Students in PEI's French schools and French immersion classes will be learning more about the history and stories of the Island's Acadians when they return to school this fall.
About 300 years' worth of stories, in fact - thanks to the introduction of a new social studies book titled L'Acadie de l Île-du-Prince-Édouard: 300 ans d'histoire, written by Island authors Georges Arsenault and Linda Lowther.
"The book is setup in a timeline from the 1700s right up until 2020," says Paulette LeBlanc, a French Social Studies curriculum leader with the Department of Education and Early Learning.
LeBlanc, along with her colleague Carolyn MacKinnon, has been busy developing new curriculum to accompany the book.
"The goal is to give the teachers ideas and interesting activities they can do at different grade levels," LeBlanc says.
The curriculum will be delivered in modules, starting in Grade 6, and will build on the previous year's lessons - through to Grade 10.

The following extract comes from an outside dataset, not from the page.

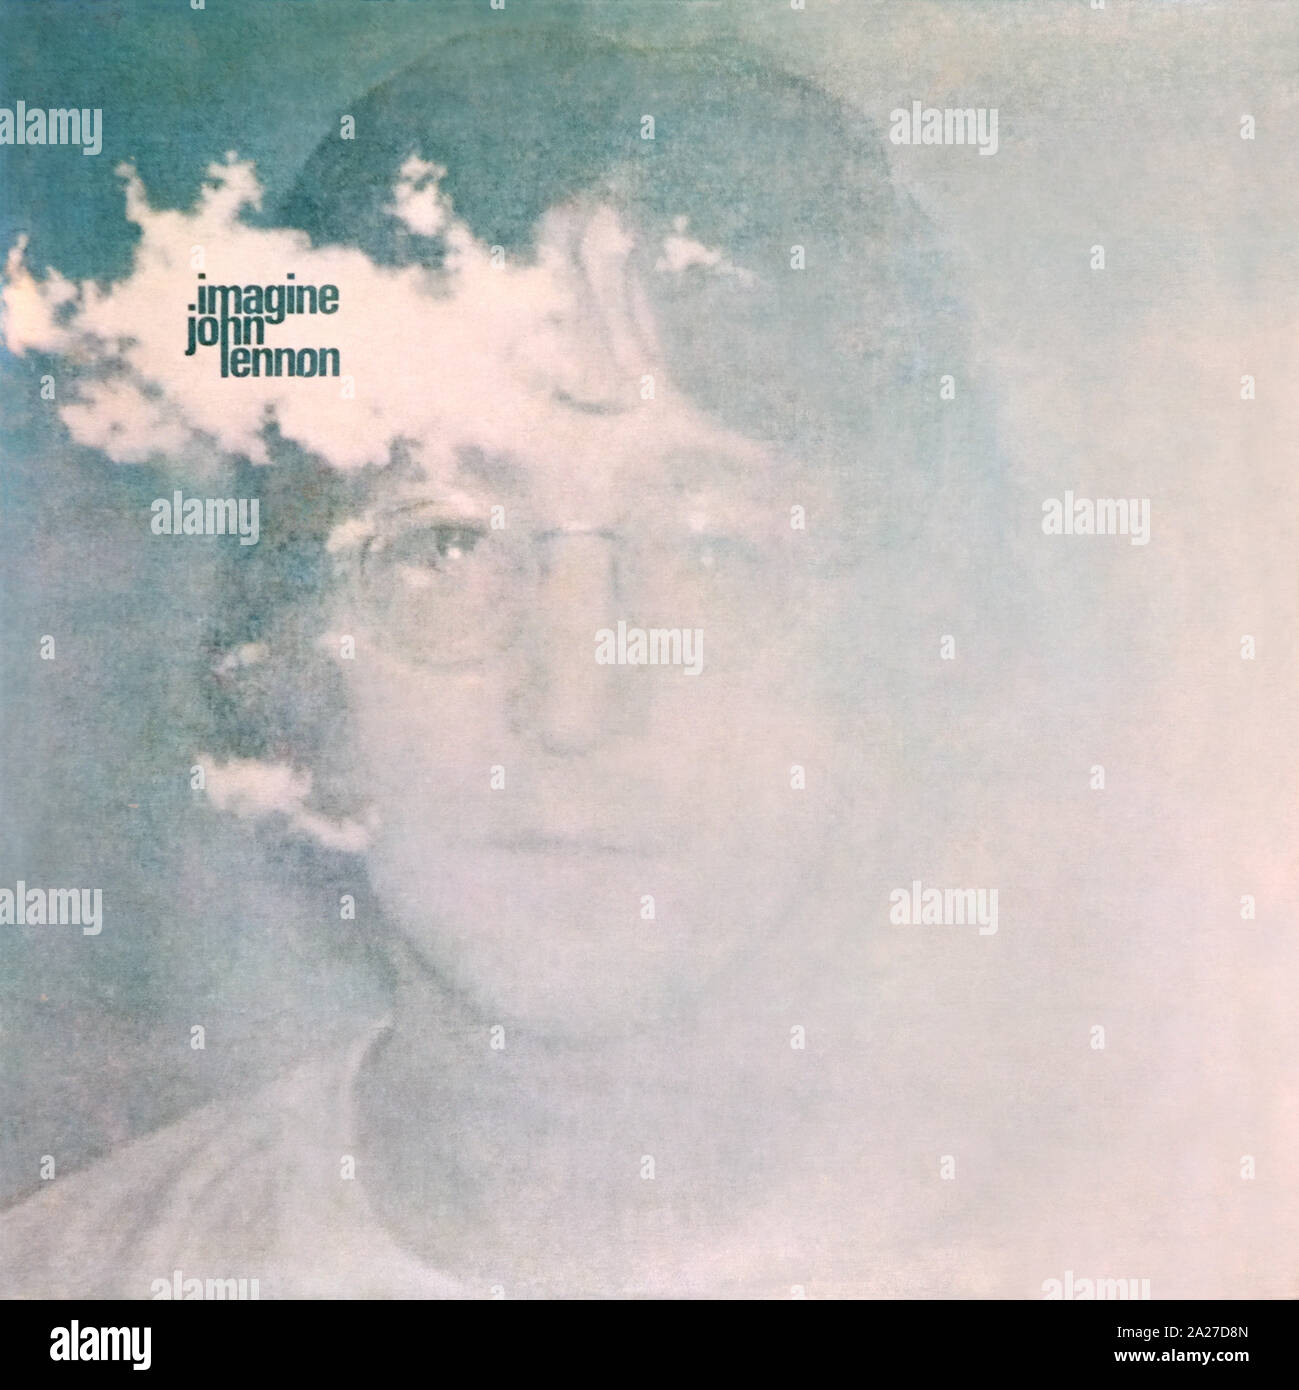 John Lennon - portada original del álbum de vinilo - Imagine - 1971 Foto de stock

"So, they will be covering most of the vignettes in the book over those four or five years," LeBlanc says.
The book is a chronological series of short stories, or vignettes, that highlights Acadian culture and important key figures in the Island's Acadian history. It's presented in a way that's more "student friendly" than the Acadian history resource teachers used previously, says LeBlanc - a book written in 1980 that was primarily for adult readers.
"It had quite a bit of information, but it wasn't really written for children. It wasn't written in a language for students," she says.
"This is the first book with pictures, illustrations, and short stories that's written in a way that children can understand."